Then on to Lyle, whose relationship with the hyperhidrostic Marlon Bain seems to have been the basis for JOI’s movie Death in Scarsdale. As Mario’s film plays in the cafeteria, Lyle counsels various ETAers in the unlit weight room. His visitors include Ortho Stice who is struggling (along with this reader, so far) to understand why his bedroom furniture is being rearranged while he sleeps.

At the same time, Hal is ingesting massive amounts of sugar, noticing a toothache, and thinking about his father’s films, in particular The Medusa v. The Odalisque.  Again with the St. Therese, who in this case is “a character out of old Québécois mythology who was supposedly so inhumanly gorgeous that anyone who looked at her turned instantly into a human-sized precious gem, from admiration.”  A deadly, mythical, Canadian PGOAT.
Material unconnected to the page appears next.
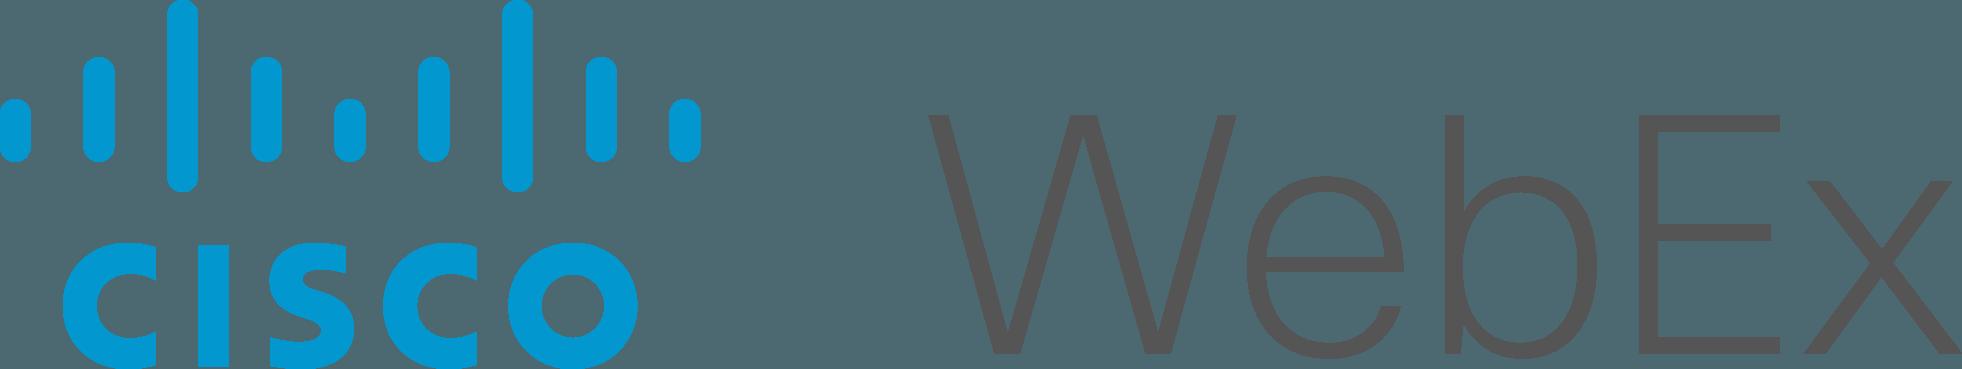 Cisco WebEx Logo - LogoDix

I count TMvTO  as a credible but unconfirmed Hamlet sighting, or at the very least, a Hamlet reference, since it is a play within a play (or movie, as it were). Hal mentions that “it’s not clear what [Medusa and the Odalisque are] supposed to be on the level of the playlet, whether the audience is supposed to see/(not)see them as ghosts or wraiths or ‘real’ mythic entities or what. But it’s a ballsy fight-scene up there on the stage…”  and that the movie’s “own audiences didn’t think too much of the thing, because the film audience never does get much of a decent full-frontal look at what it is about the combatants that supposedly has such a melodramatic effect on the rumble’s live audience, and so the film’s audience ends up feeling teased and vaguely cheated…”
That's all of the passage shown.